Brussels is an important backdrop to that journey. The city has long offered space for hybrid, multilingual and queer artistic practices, and Songo’s presence fits into that ecosystem while also pushing it further. She belongs to a generation of artists who are not waiting for permission to exist in full complexity.

LUMIÈRE as manifesto
With LUMIÈRE, Dianka Songo transforms the intimate into an act of resistance. The project frames art as protection and proclamation at once, a way of saying that queer people deserve to exist safe every day, everywhere. That line, turned into a hashtag around the release of the single, reads almost like a manifesto: art as armour, the face as statement, the self as something that refuses erasure.

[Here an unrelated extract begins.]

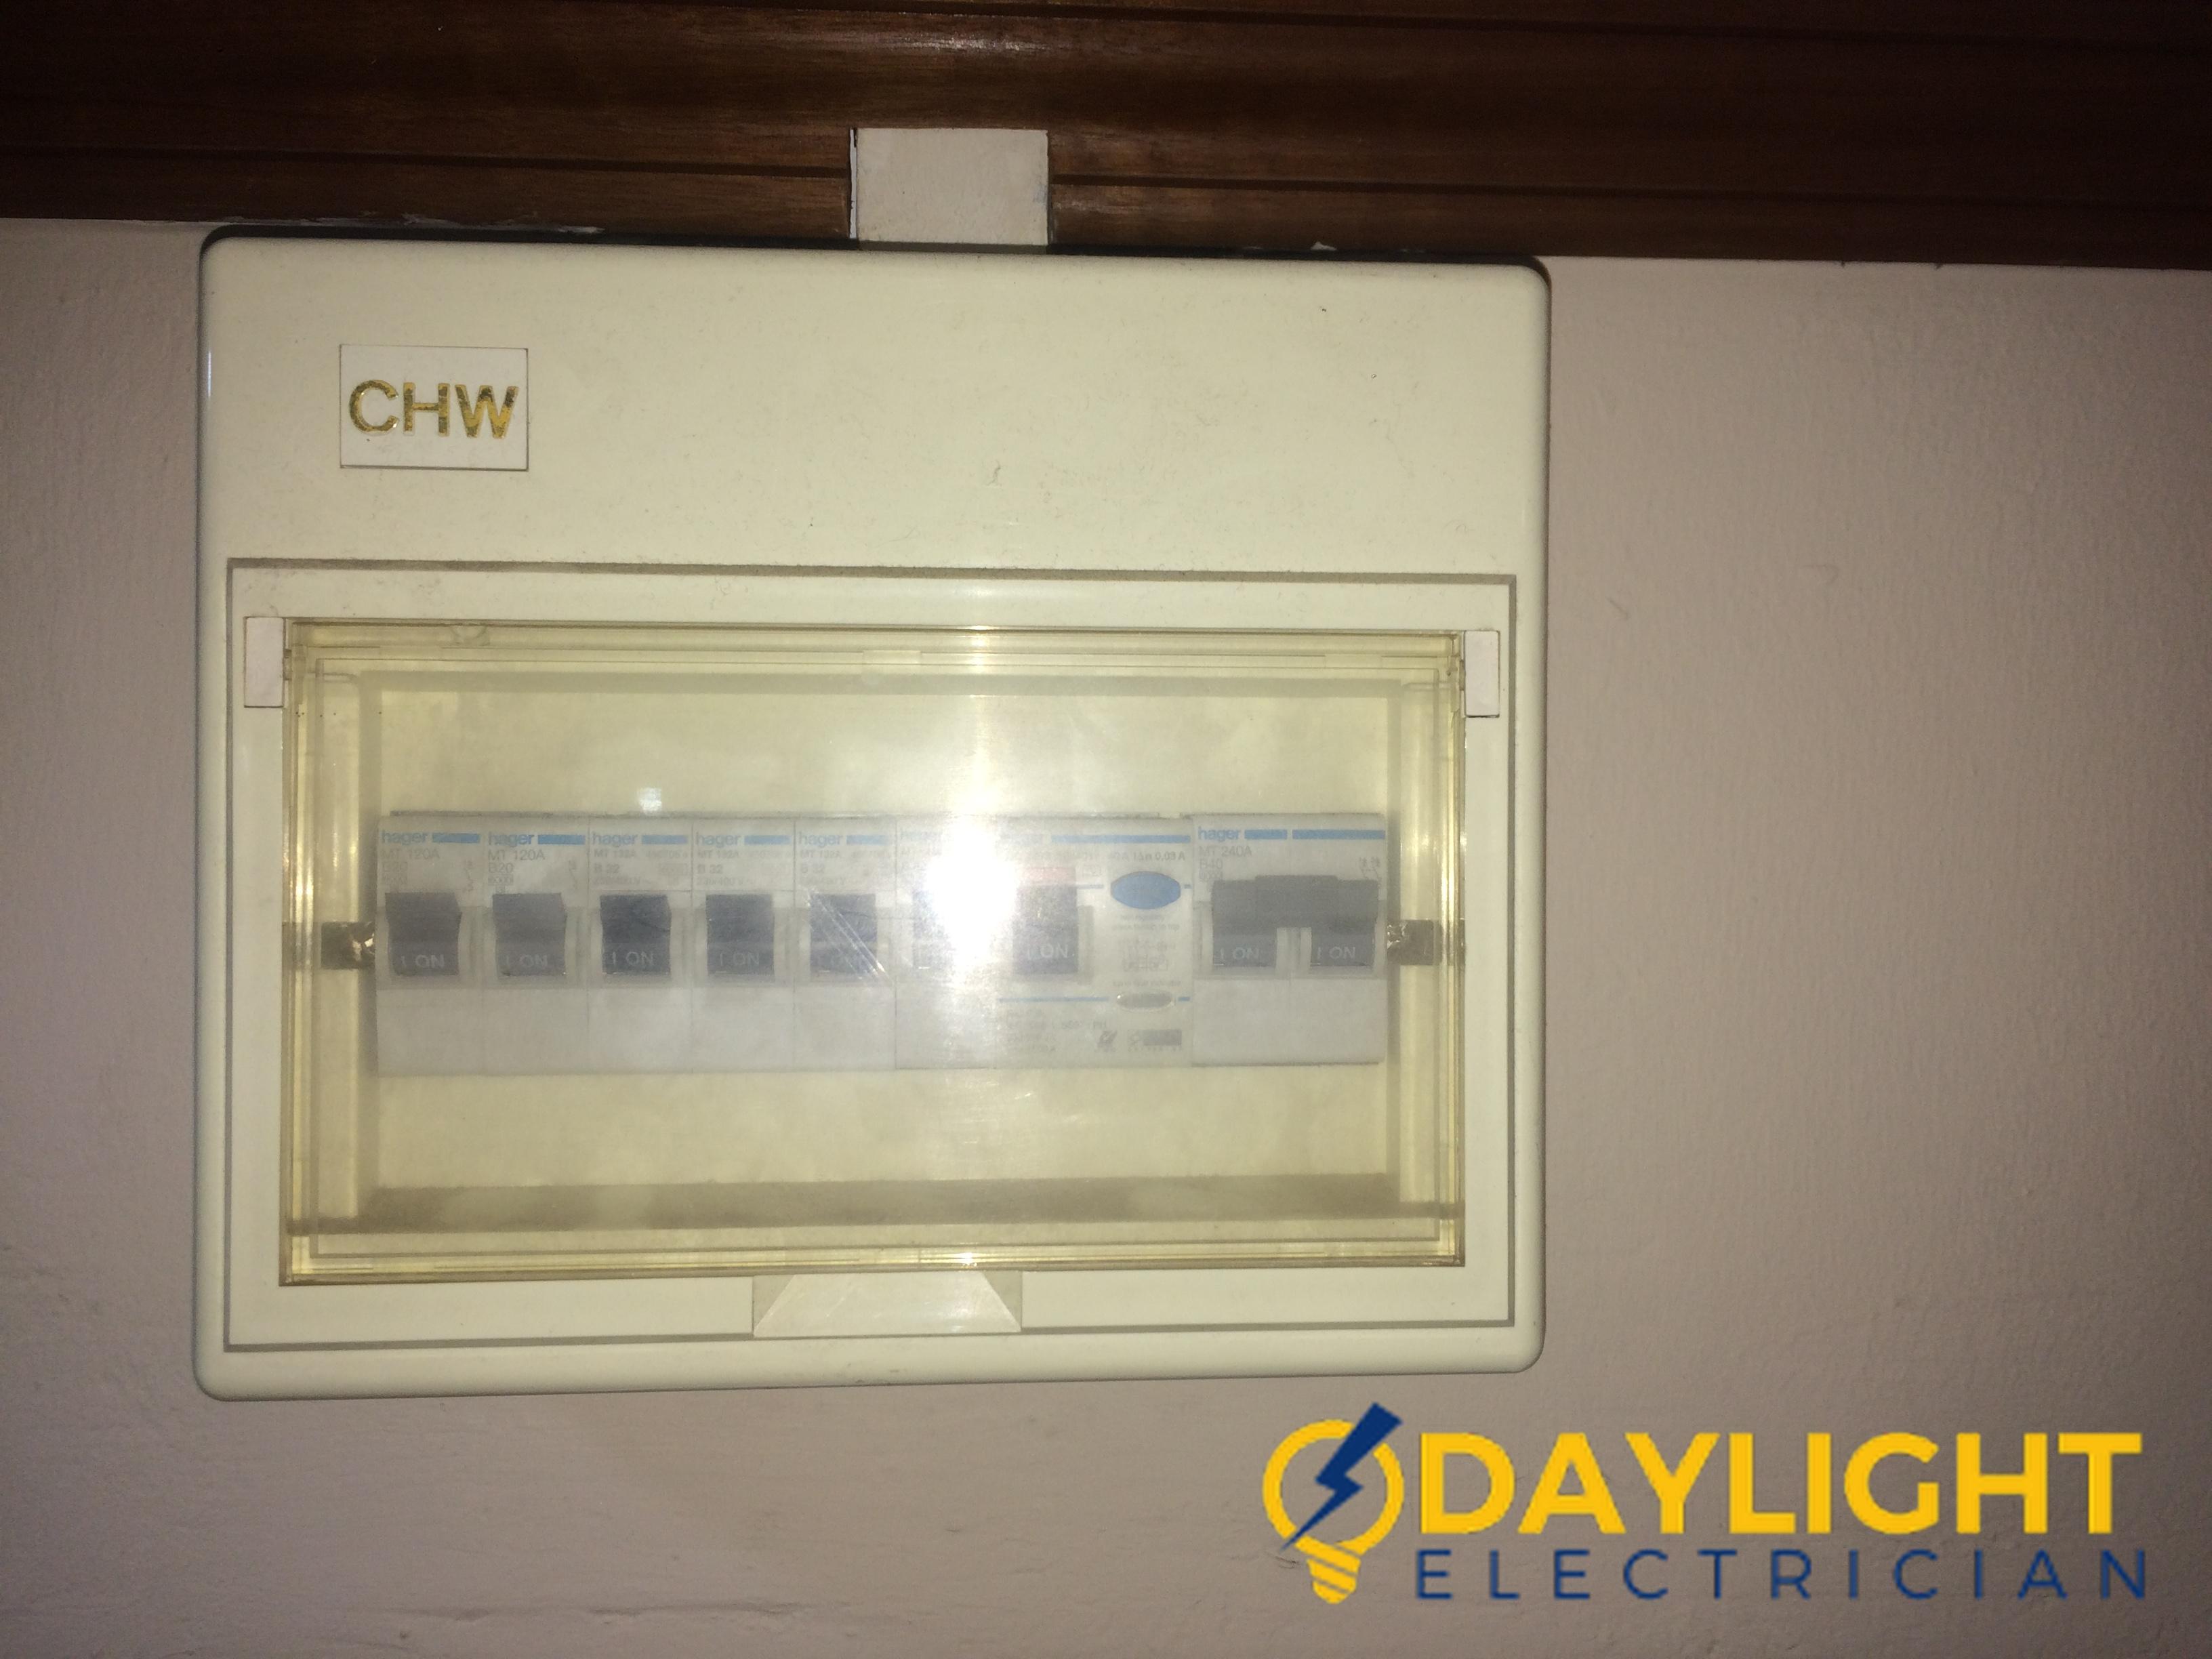 distribution-board-db-box-repair-daylight-electrician-singapore-hdb-yishun-2_wm

Her visual identity is just as striking. Built around a signature aesthetic of raw black and magenta lips, it gives the project a look that feels both severe and luminous, vulnerable and defiant. In that tension lies the force of the album: it does not ask for tolerance, it asserts a right to safety, dignity and freedom without compromise.
A collective creation
Even when the artistic universe feels highly personal, Songo makes clear that LUMIÈRE is also the result of collective work. She has publicly thanked several collaborators who helped shape the project’s sound and image, including Guy Waku for the sonic architecture, Salvatore Darkspirit for photography, graphic design and cover design, Federico Ariu for the video direction, and Elmas Fatma for the make‑up work around the cover imagery.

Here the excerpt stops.